May 8, 2024

For Tashi, tennis is not love: Love is tennis. When forced to choose between a man-child who needs to be held until he falls asleep and a trust fund baby looking for a backseat romp and a place to shower, is it any wonder she chooses the sport of kings?

The film is about as romantic as its female lead, which is to say, not very. Challengers runs on endorphins, not dopamine, and its very form gives you a workout: the wild intercutting, the talking about talking about tennis, Zendaya’s runway strut, Josh O’Connor’s acting opposite a churro. The cinematography is, at turns, hypnotic and jarring, as balls fly at the lens, sweat pours down on the viewer, actors fleetingly break the fourth wall and gaze lovingly at you (yes, you). The image of Tashi’s career-ending injury is shot so brutally, in such close quarters, that it feels like a personal, visceral injury for the spectator.

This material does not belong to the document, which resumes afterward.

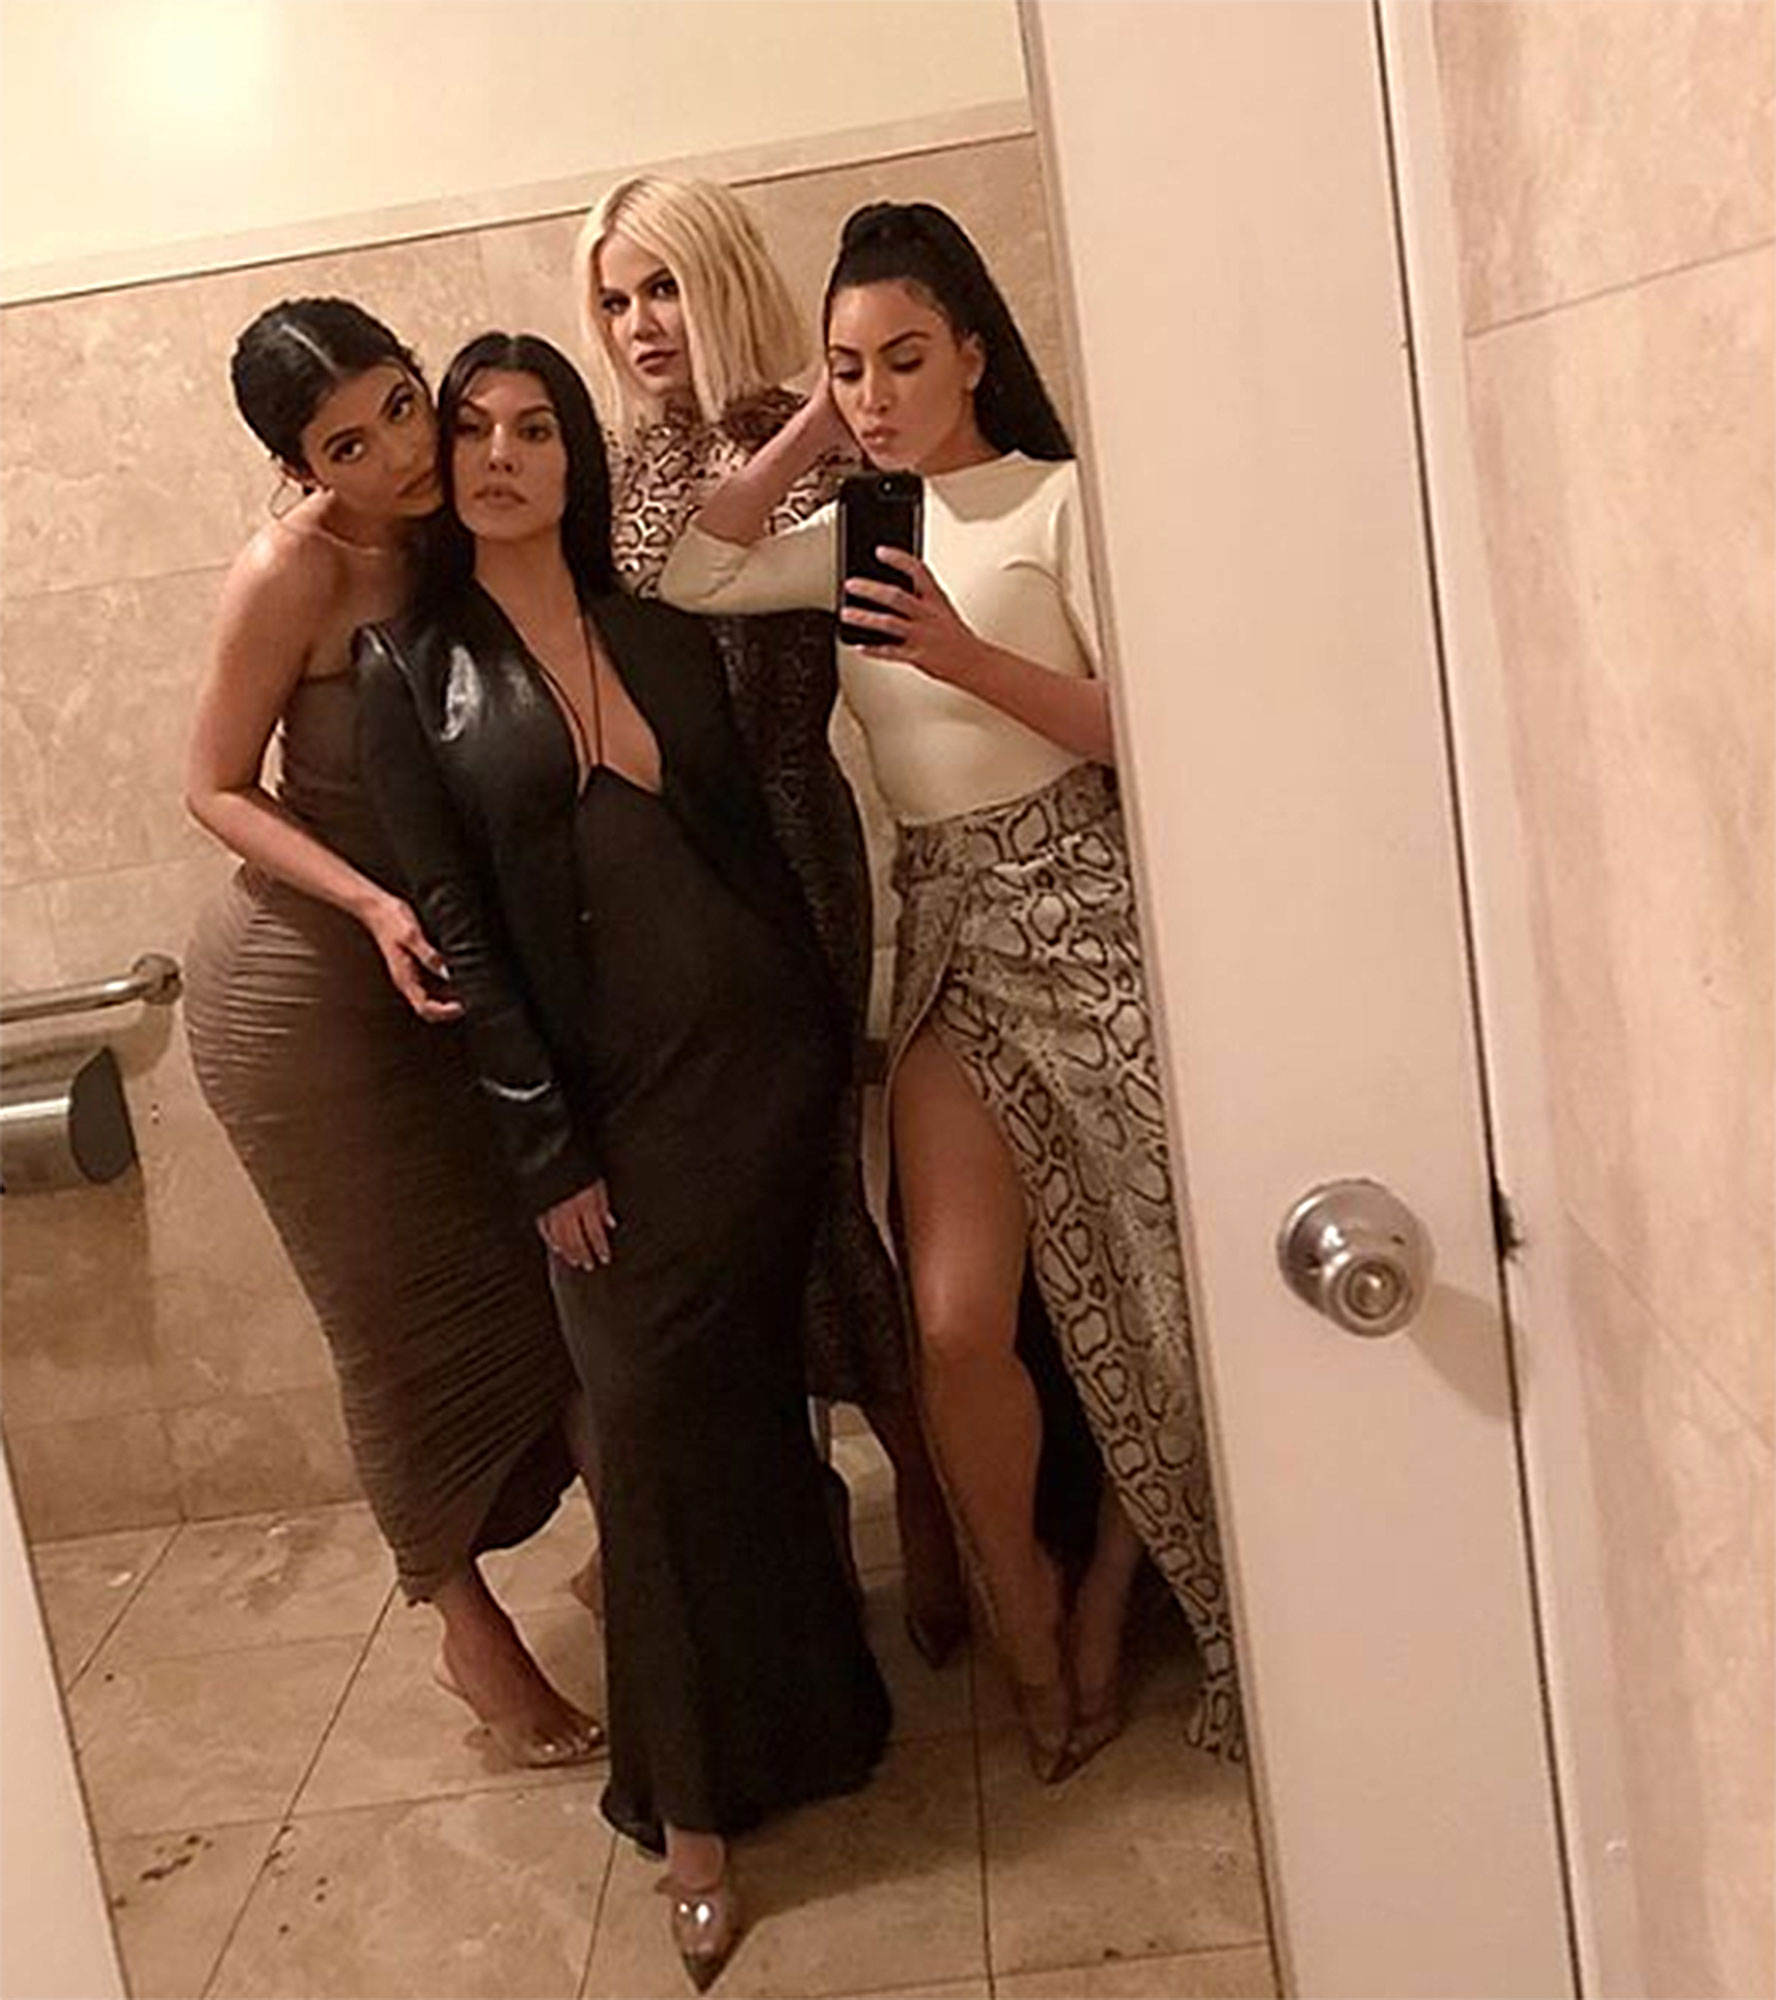 Khloe Kardashian Joins Sisters for Double Date Night Amid Drama Sex Image Hq

But Challengers’ aggressive energy is best exemplified by Trent Reznor and Atticus Ross’s loud, intrusive soundtrack—varied, weird, and synth-heavy—which plays over quiet and flashy moments alike.

In short, Challengers’ confrontational, music video vibe is its true kink. The film is careful about how it tells the story, but seems to suggest that spectacle—not narrative, not even psychological continuity—is all that matters. This argument is line-driven home by Challengers’ concluding shot, a cut to black so bananas, somehow both earned and unhinged, that I near-yelled “What?!” in a crowded press screening. It’s less an ending than a punch line, making you wonder if what you’ve really been watching is a fashion-forward comedy. But what’s the joke? And who’s it on?